Updated: Nov 15
Submitted by Scott
It’s estimated that 1 in 4 people in the UK experience some form of mental health problem each year. An estimated 1 in 6 people experience a common mental health problem, such as anxiety or depression, each week.
While it’s clear that mental health is being spoken about now more than ever before, what’s less clear is whether this has led to any difference in the perception of mental health across industries or in those responsible for regulating them.
I work in a regulated profession. That means that what I do is overseen by a regulator whose role is to make sure I’m acting appropriately. The regulator has the power to investigate actions that I take and consider whether it’s appropriate to impose a sanction on my ability to work within my profession. Sanctions can come in the form of a reprimand, suspension or erasure, amongst other things. The regulator can also order that the costs of the investigation be paid by the person who has been investigated in certain circumstances.
So, if the regulator judges that I or any of my colleagues have acted inappropriately, we can not only be sanctioned, but we also have to pay for the leg work the regulator puts in to investigate us in the first place.
Recently the regulator made a decision that has prompted discussion about mental health within my profession.
In the case, a lady was investigated for having left a briefcase containing sensitive personal information belonging to a third party on a train and was unable to recover it. The lady told their employer that the briefcase was at home before later saying that the briefcase had actually been lost later than it had been. Because of the change in her story, the lady was found to have acted dishonestly.
A hearing was called to decide whether any sanction should be imposed. During the hearing, the lady stated that they had been signed off work by Occupational Health for stress and anxiety 3 months prior to leaving the briefcase on the train. She also said that she had “little coherent recollection about the days immediately following the loss of the briefcase” and that the days after 24 May 2018 were “the darkest of her life”, during which she “barely ate, slept or showered”. She had also “drank alcohol to excess in order block out the event”, saying that at her lowest point, she had attempted to end her life. The lady’s sister gave evidence: “It was extreme to the point that when I visited…, I hid her balcony door key because I was worried about her state of mind”.

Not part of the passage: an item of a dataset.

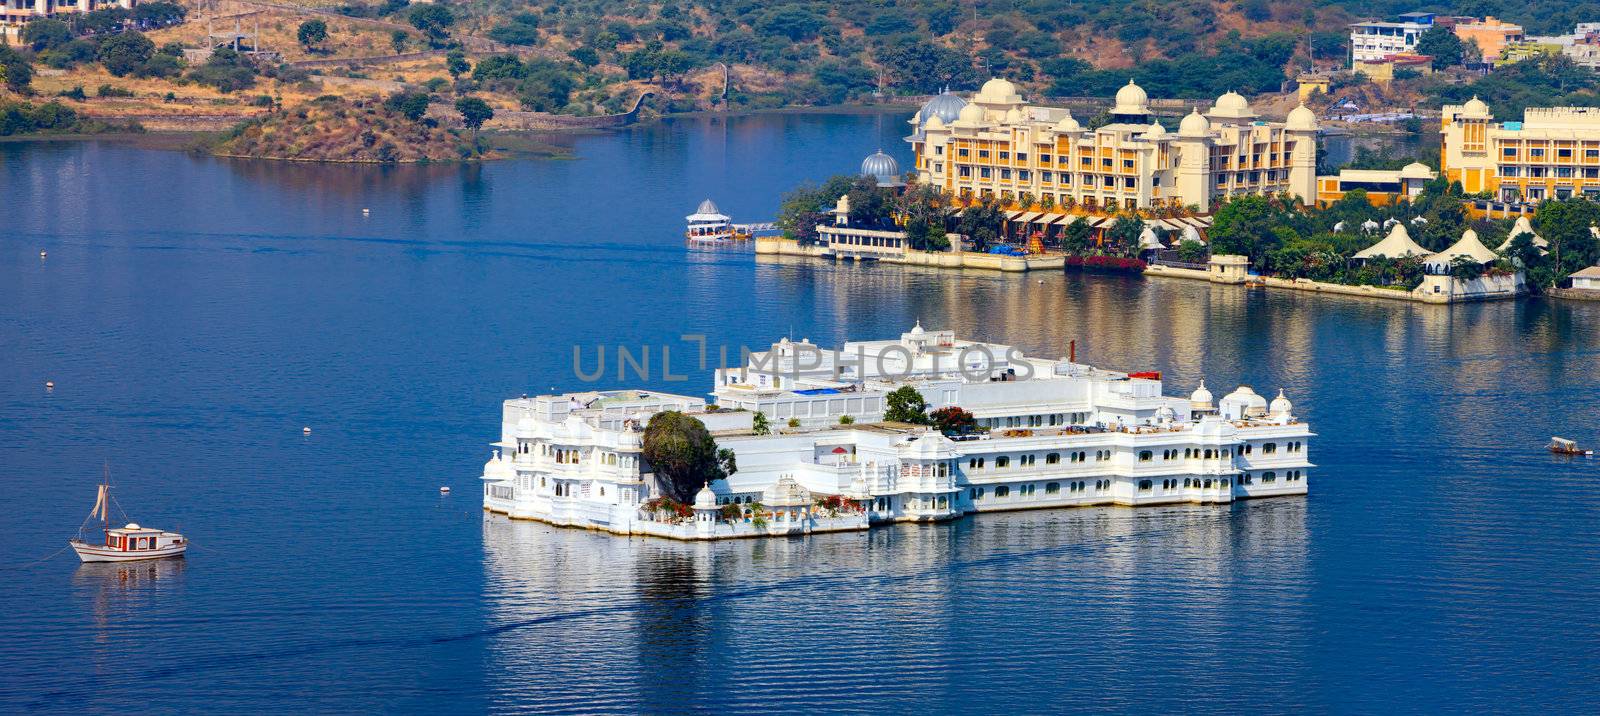 Lake Pichola and Taj Lake Palace in Udaipur. India. by vladimir_sklyarov

The regulator deemed that, when deciding whether the lady had acted dishonestly and what sanction should be imposed, only limited weight could be attached to the evidence given regarding her mental health.
The lady was struck from the roll – effectively stopping her from working in the profession in the future – and was required to pay £10,000 towards the costs of the investigation. At the time, she was working in a call-centre earning £9.00 per hour.

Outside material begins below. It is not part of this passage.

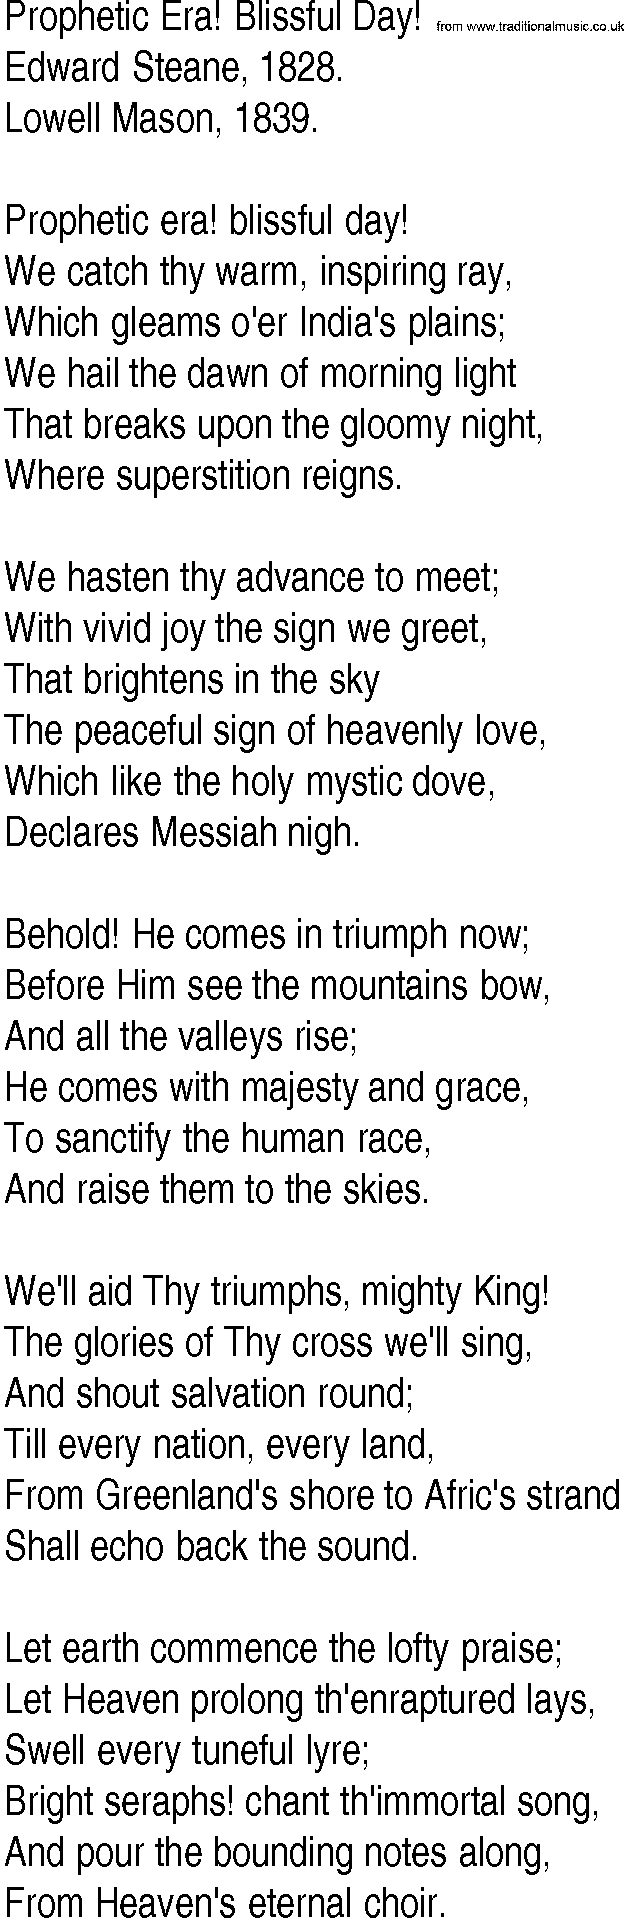 Hymn and Gospel Song: Prophetic Era! Blissful Day! by Edward Steane lyrics

The decision has been roundly condemned as disproportionate and heavy-handed. It's also been criticised for failing to appropriately take into account the lady’s mental health concerns. They're now seeking to appeal the decision, but a hearing to consider the appeal is yet to take place.
Despite the appeal, the decision raises a number of questions. To what extent should mental health be taken into consideration when judging a person’s actions? Is there enough understanding about the impact of mental health on individuals? Should more be done to help those who suffer from mental health issues or concerns?